Het college kiest ervoor om van de bevoegdheid tot verrekenen gebruik te maken, echter geen volledige verrekening, maar ter hoogte van 50% voor de duur van drie maanden van de toepasselijke bijstandsnorm. Hiervoor is gekozen, omdat het college de kans op negatieve maatschappelijke consequenties bij volledige verrekening groot acht, zoals een toename van schuldenproblematiek of uithuisplaatsing. Anderzijds, fraude mag niet lonen en daarom is aangehaakt bij de zwaarste maatregel, namelijk 50% van de toepasselijke bijstandsnorm zoals opgenomen in de afstemmingsverordening.

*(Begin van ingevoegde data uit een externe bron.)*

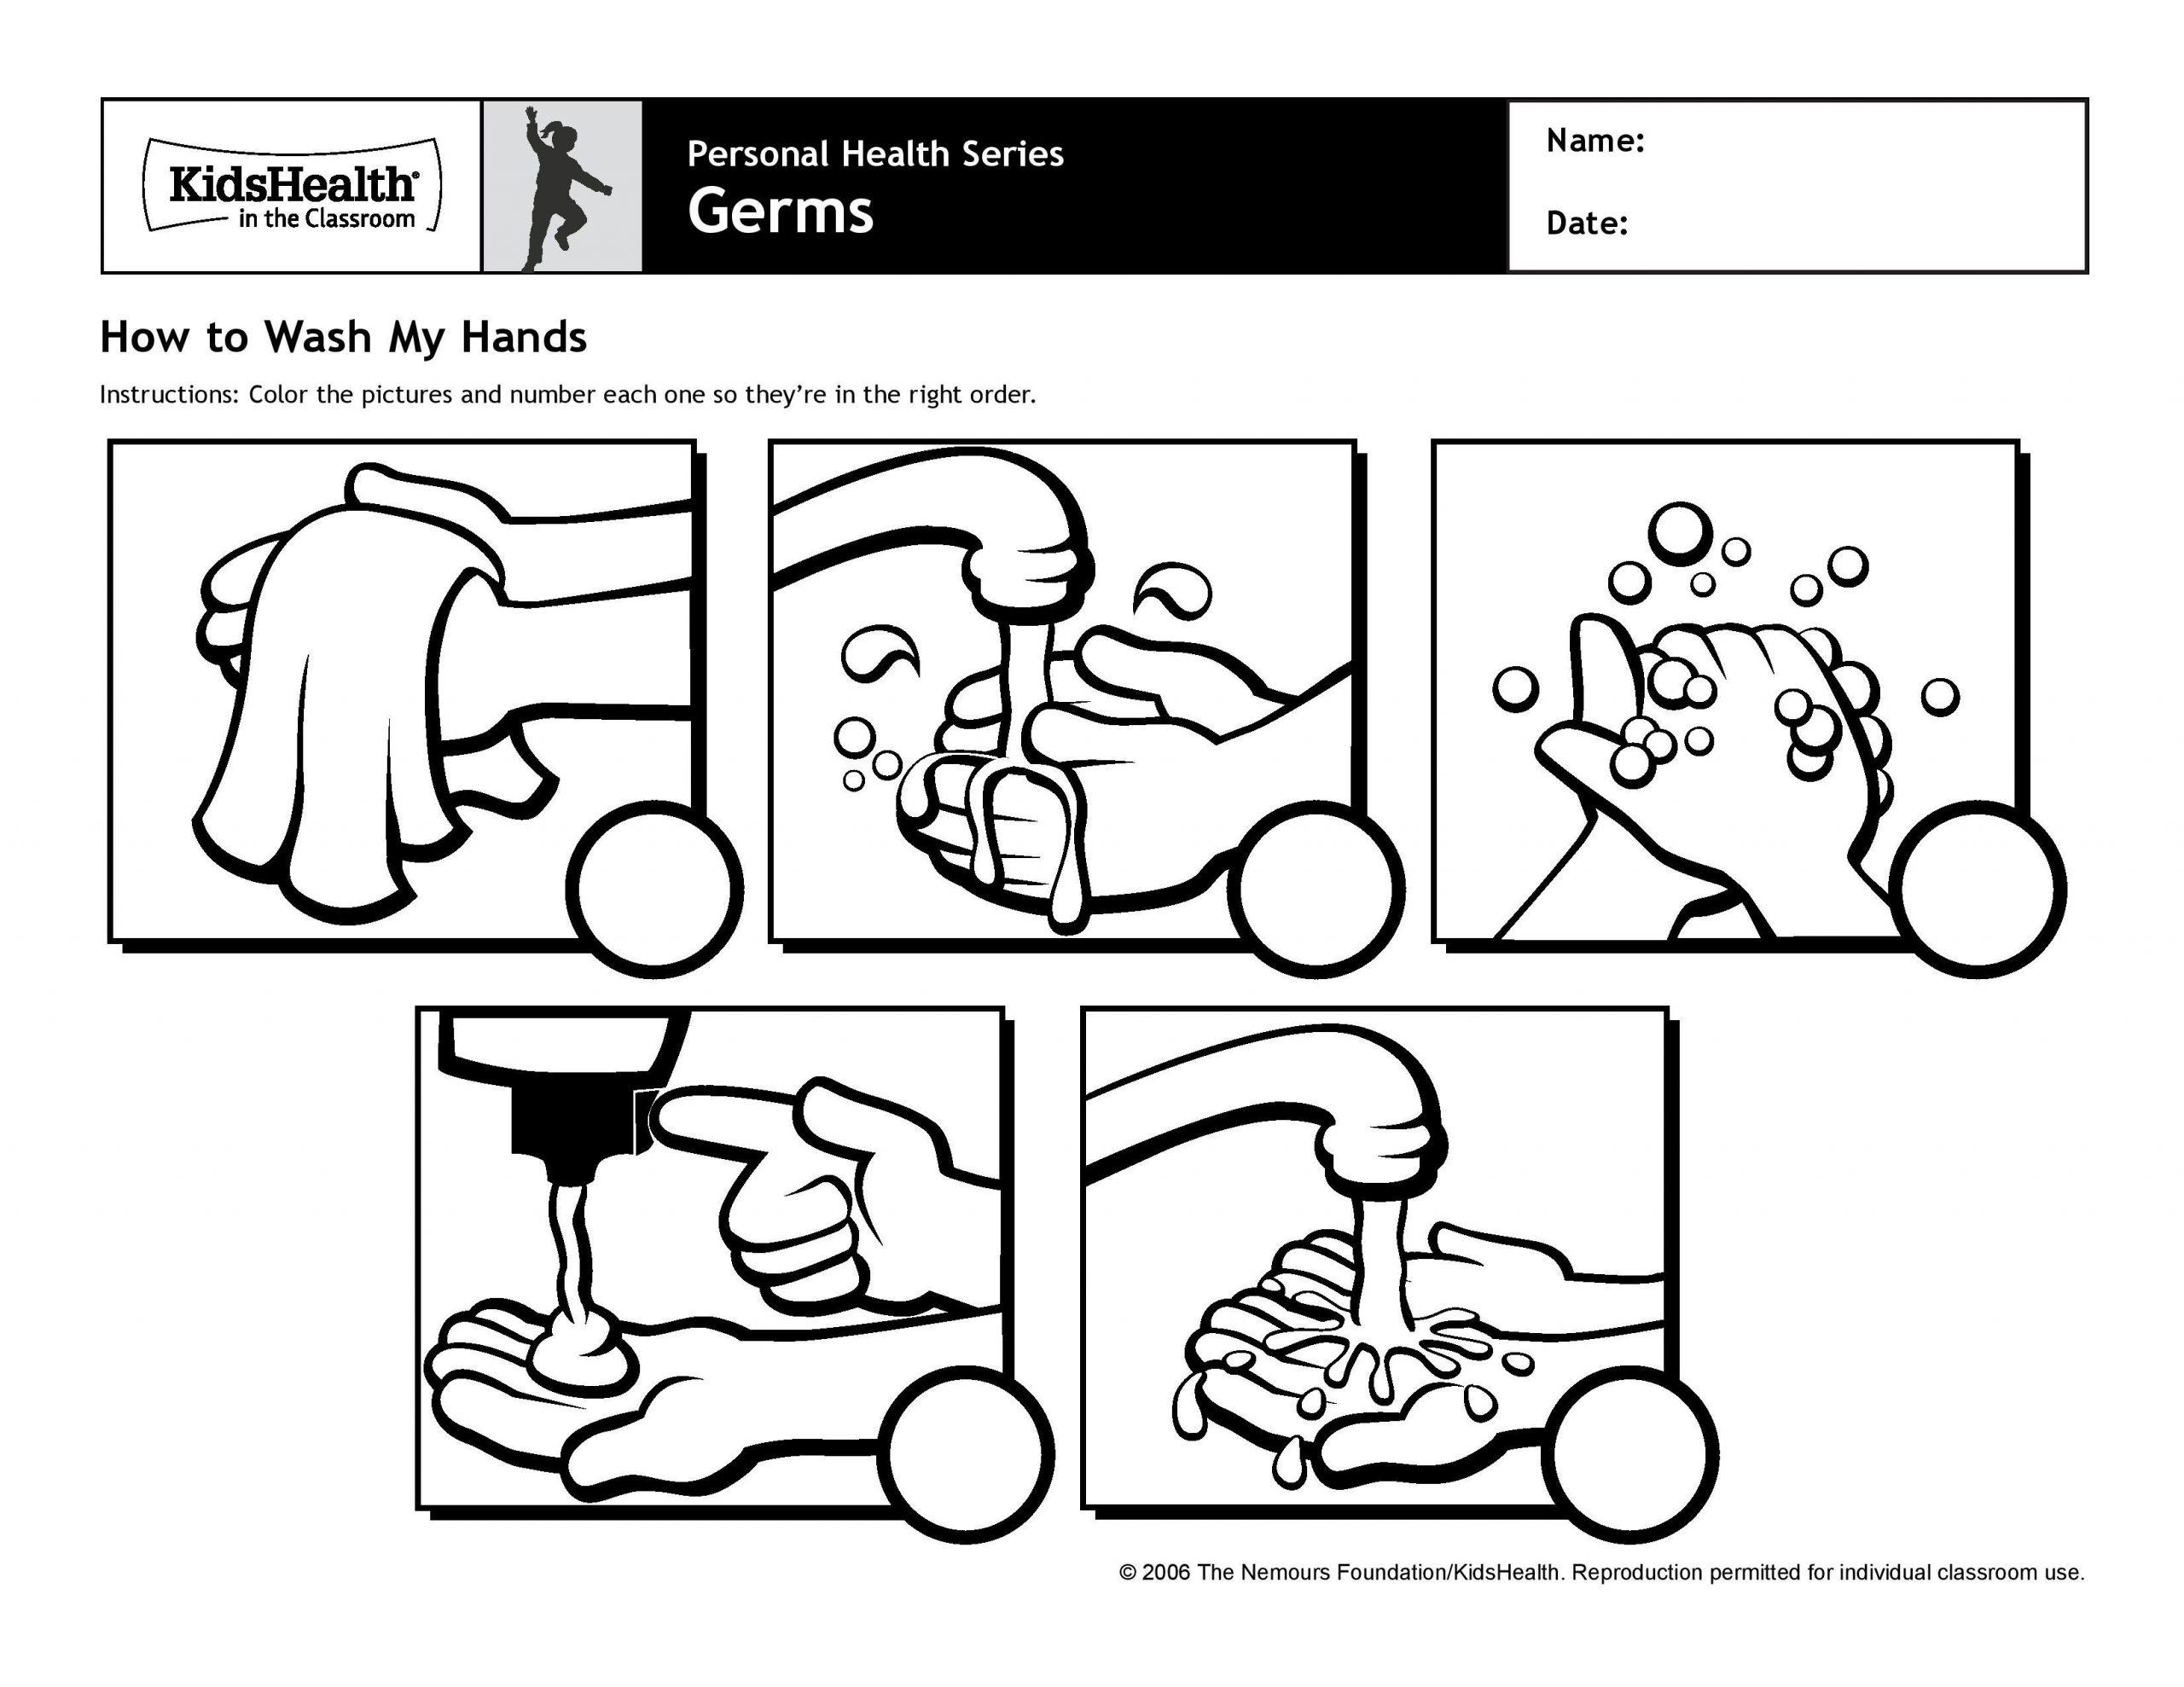 Preschool Worksheets Images 3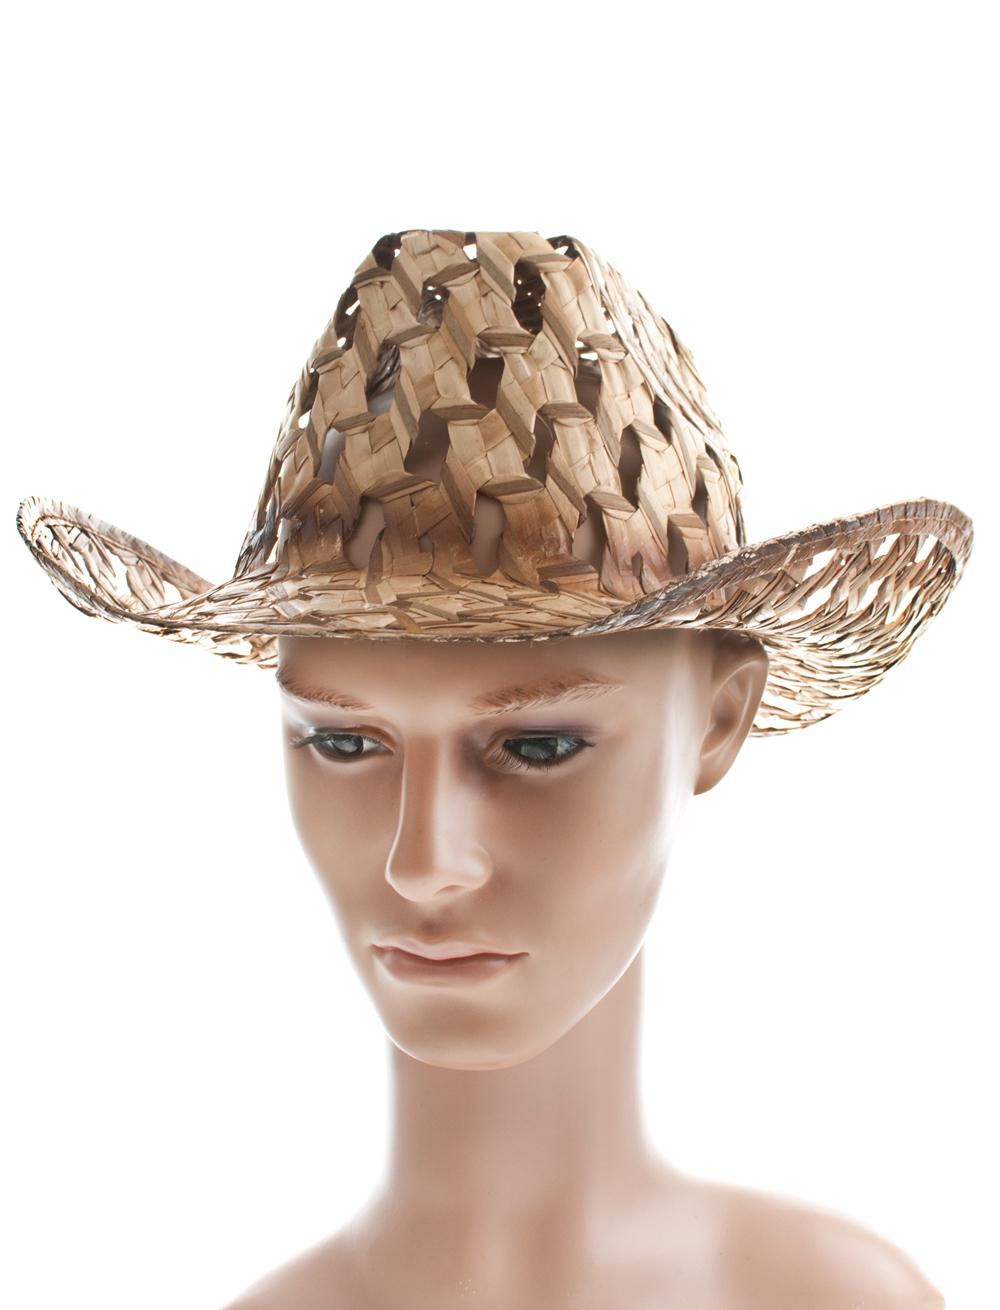 Kostuemzubehor Cowboyhut Crocodile Farbe: braun

Lid 2 Is de recidiveboete opgelegd op het moment dat belanghebbende elders bijstand ontvangt dan is de verrekening van de recidiveboete eveneens 50% van de toepasselijke bijstandsnorm gedurende 3 maanden.
Dit betekent als bijvoorbeeld de recidiveboete opgelegd is door de gemeente Amsterdam en belanghebbende ontvangt inmiddels een uitkering van de gemeente Kerkrade, dan kan de gemeente Amsterdam tot 50% van de toepasselijke bijstandsnorm de recidiveboete verrekenen gedurende 3 maanden.